In order to improve the ion exchange efficiency and obtain good optical waveguide characteristics, it is necessary to appropriately select two mutually exchanged ions, optimize the glass formulation, control the concentration and temperature of the solution, and appropriately apply an electric field.


2) Ion implantation


Ion implantation is a material surface modification technology, which is a standard processing technology in the semiconductor industry. Ion implantation in an optical waveguide is an ion accelerator that accelerates ions to the high energy of tens of thousands to hundreds of thousands of electron volts, bombarding the surface of the substrate material. The interaction between atoms or molecules causes damage or defects on the surface of the material, and changes the refractive index, forming an optical waveguide structure.


A typical ion implantation process for preparing optical waveguides is shown in Figure 2. The ion implanter is usually composed of an ion source, ion extraction and pre-acceleration, magnetic analyzer, back-track accelerator, electronic scanning system, ion implantation cavity, and vacuum system. In the cavity of the ion source, the ions produced by the gas discharge are led out by the electrodes in the ion extractor and pre-accelerated. The magnetic analyzer controls the quality of the ion beam to obtain an ion beam with better directionality. After being accelerated by the latter, the ion beam is injected into the sample in the cavity under the control of the electron deflector.


Ion implantation process for preparing optical waveguide

Figure 2. Ion implantation process for preparing optical waveguide


The substrate material put in the ion implantation cavity needs pretreatment. The mask layer is prepared according to the optical waveguide pattern. After the ion implantation, post-processing, such as an annealing process, is required to reduce the impact of material defects caused by the implantation on the loss.


3) Chemical vapor deposition


The chemical vapor deposition CVD process is also a standard process in the semiconductor industry. The CVD process to prepare the optical waveguide is shown in Figure 3. It is to successively deposit optical waveguide layers with differently doped layers on a silicon substrate (or a quartz substrate). For example, the core layer is doped with phosphorus and boron to increase the refractive index, and the cladding layer is doped with germanium to reduce the refractive index. After the core layer is deposited and before the upper cladding layer is deposited, a mask layer needs to be prepared through a photolithography process to define the optical waveguide pattern. After each layer is deposited, an annealing hardening process is required to enhance the density and uniformity of the deposited layer and reduce stress.
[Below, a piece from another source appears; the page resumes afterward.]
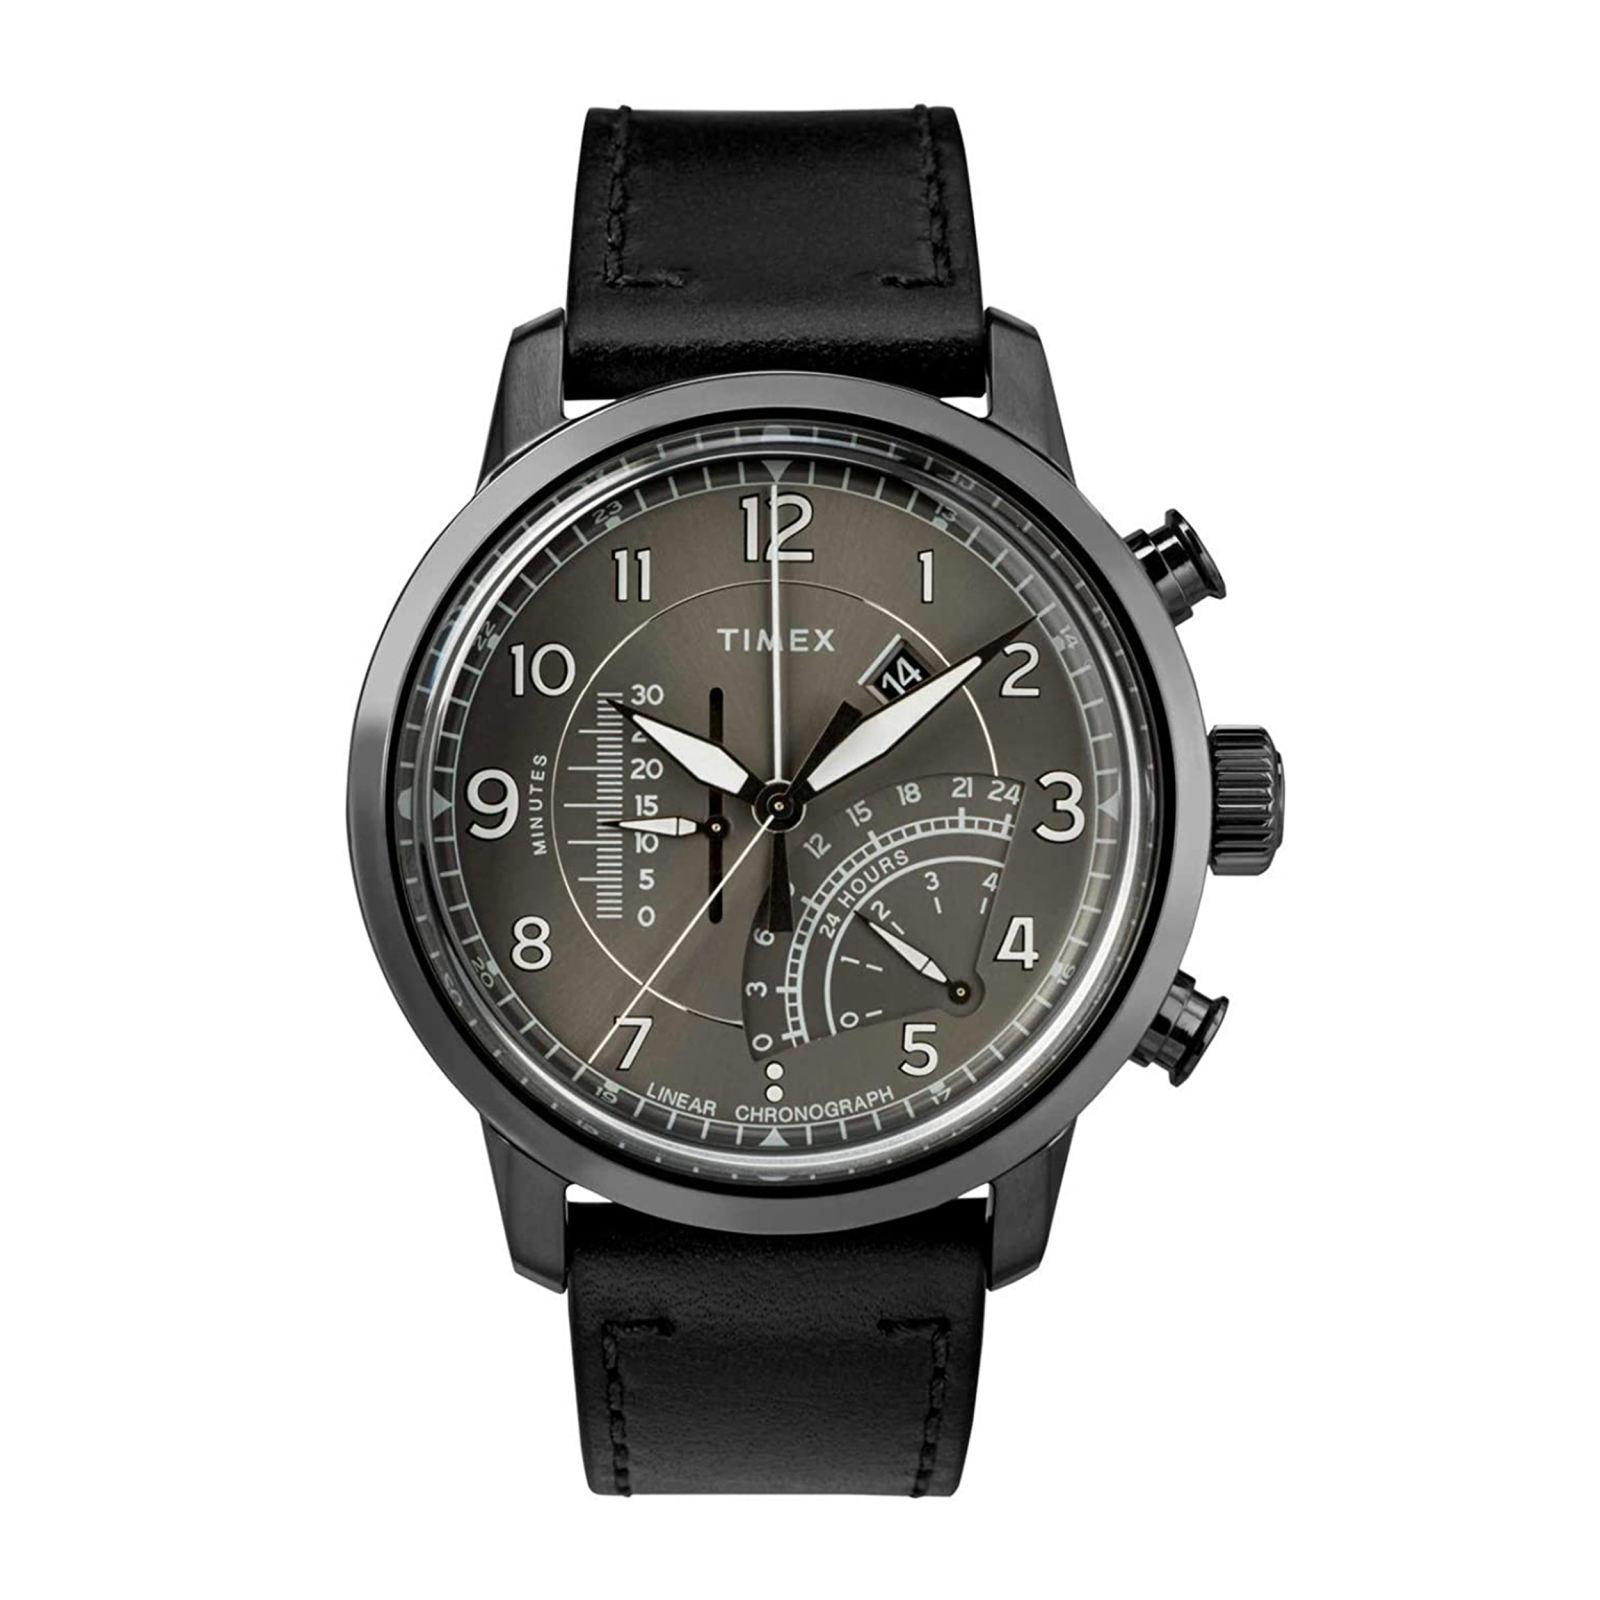 ساعت مچی عقربه ای مردانه تایمکس مدل TW2R69000

The process flow of chemical vapor deposition for preparing optical waveguides

Figure 3. The process flow of chemical vapor deposition for preparing optical waveguides


4) Flame hydrolysis method


The process of preparing optical waveguides by flame hydrolysis method FHD is similar to that of chemical vapor deposition CVD. The difference is only in the process conditions for forming the thin film layer. CVD is to pass various elements and compounds containing film elements into the cavity, and chemical reactions occur at a certain temperature, thereby depositing the required film layer on the surface of the substrate. FHD is to pass volatile halides containing film elements such as silicon tetrachloride, and halides containing various doping elements such as phosphorus, boron, and germanium into a gas burner, and chemically react with water in a high-temperature flame to generate a silicon dioxide thin film layer doped with various impurity elements.


5) Process comparison


Ion exchange and ion implantation processes can produce low-cost optical waveguides. But the control of the cross-sectional shape of the waveguide is a little worse and is mainly used to make optical PLC splitters. The production efficiency of the ion implantation process is much higher than that of ion exchange. CVD and FHD control the cross-sectional shape of the waveguide much better and can be used to make high-end optical waveguide devices such as arrayed waveguide grating AWG. Among them, FHD is more conducive to the preparation of thick films than CVD.